Empezó a leer sobre Yang y descubrió la novela, Muerte de un Profesor Chino. Al igual que otras personas, creyó que el éxito de dicha novela derivaba de la relación que Yin mantuvo con Yang. De modo que Bao pensó que su derecho como heredero legal de Yang no debería quedar en el olvido.
Y si Yang le había dejado a Yin una colección de poesías, Bao consideró que podrían existir más manuscritos, tal vez de traducciones o novelas. En una ocasión, su madre comentó que Yang estaba escribiendo una historia, antes de la Revolución Cultural. También se dio cuenta de que, gracias a la notoriedad que había cobrado Muerte de un Profesor Chino, podría haber una segunda o incluso una tercera edición de la colección de poemas de Yang, de la cual podría obtener algún dinero.

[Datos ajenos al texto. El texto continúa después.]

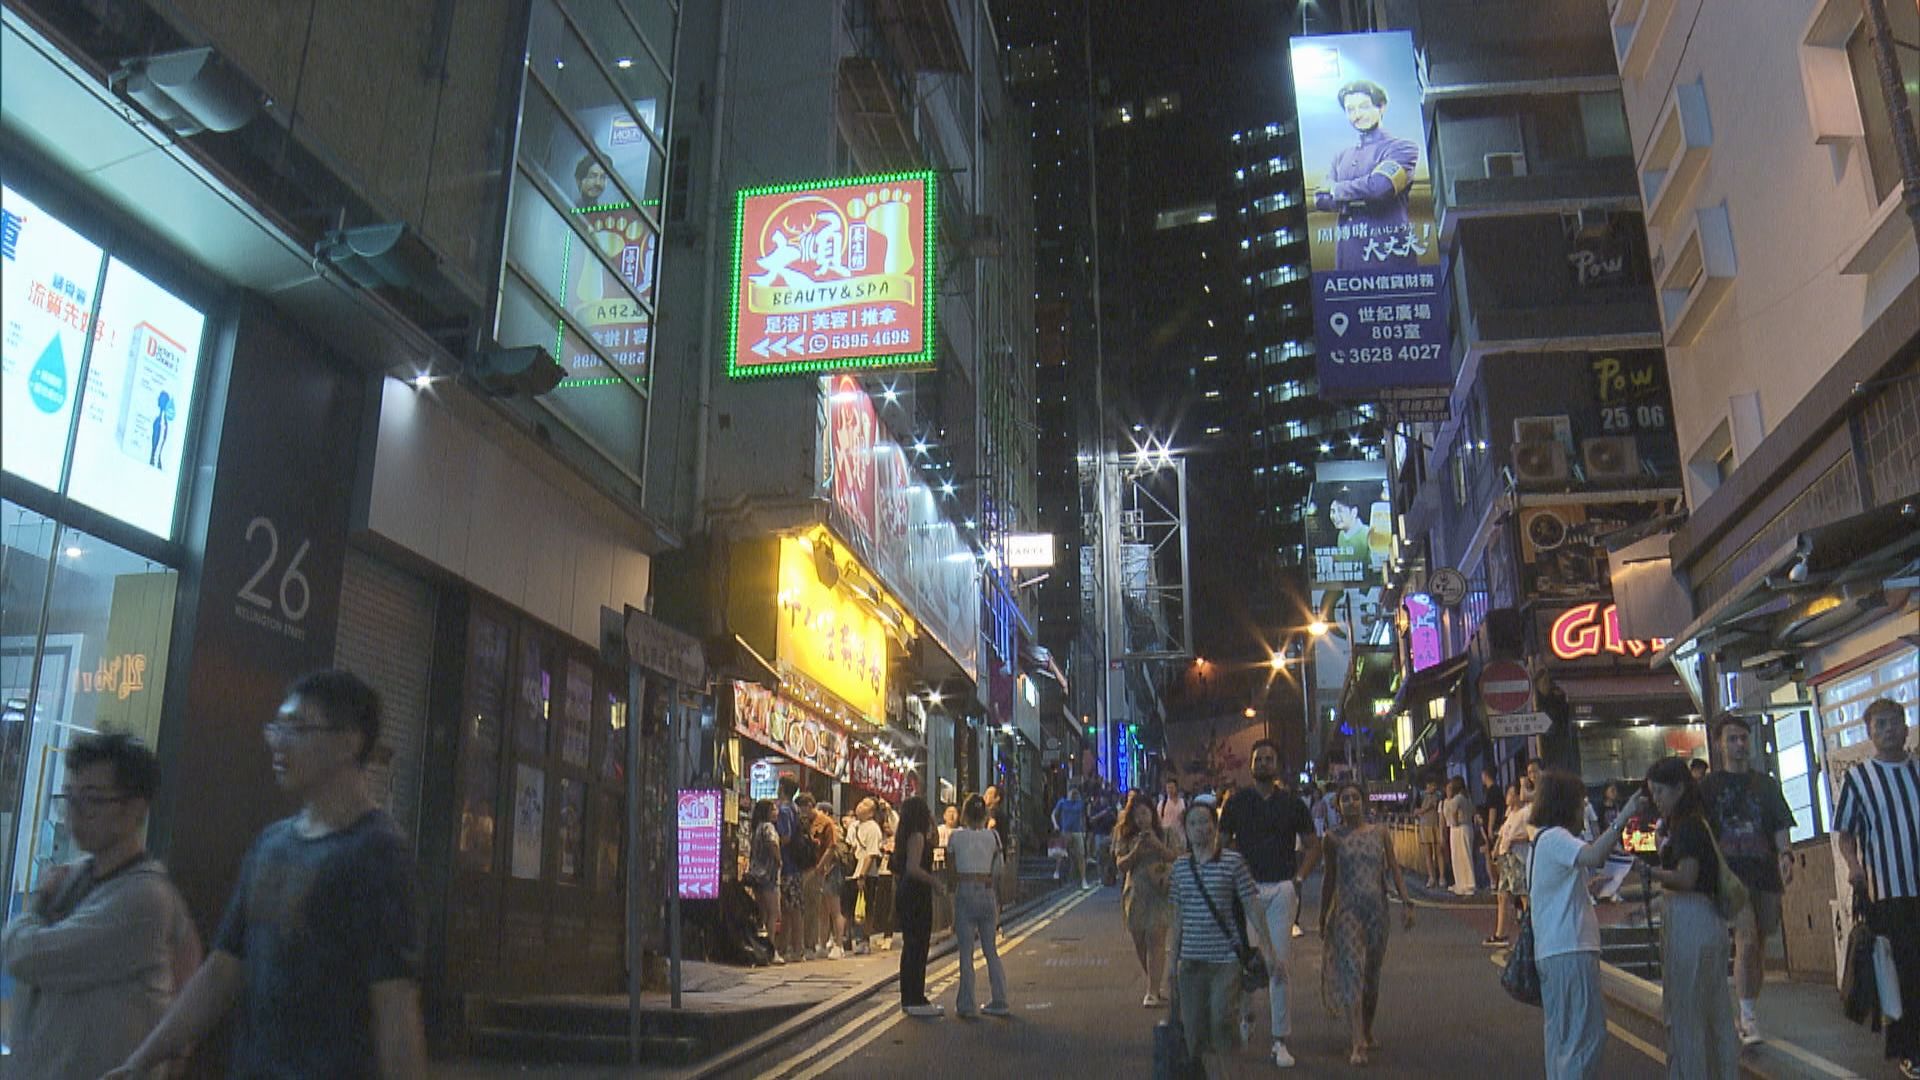 【香港夜繽紛】飲食酒吧業界反應正面 倡政府配合人手及交通

Bao no solamente se dejaba llevar por sus especulaciones.
A la vez que trabajaba en empleos de baja categoría, intentaba por todos los medios hacer fortuna mediante todos los métodos que se le ocurrían. Empezó a apostar al mah-jongg. No funcionó. No perdió mucho, pero las noches largas y sin dormir a la mesa de mah-jongg le costaron varios trabajillos. Entonces, se introdujo en el mercado bursátil utilizando dinero prestado. Aunque al principio ganó un par de cientos de yuanes, pronto empezó a acumular pérdidas al tiempo que el dinero parecía hundirse en un cenagal. Sus acreedores comenzaron a acosarle, llamándole a la puerta a altas horas de la madrugada.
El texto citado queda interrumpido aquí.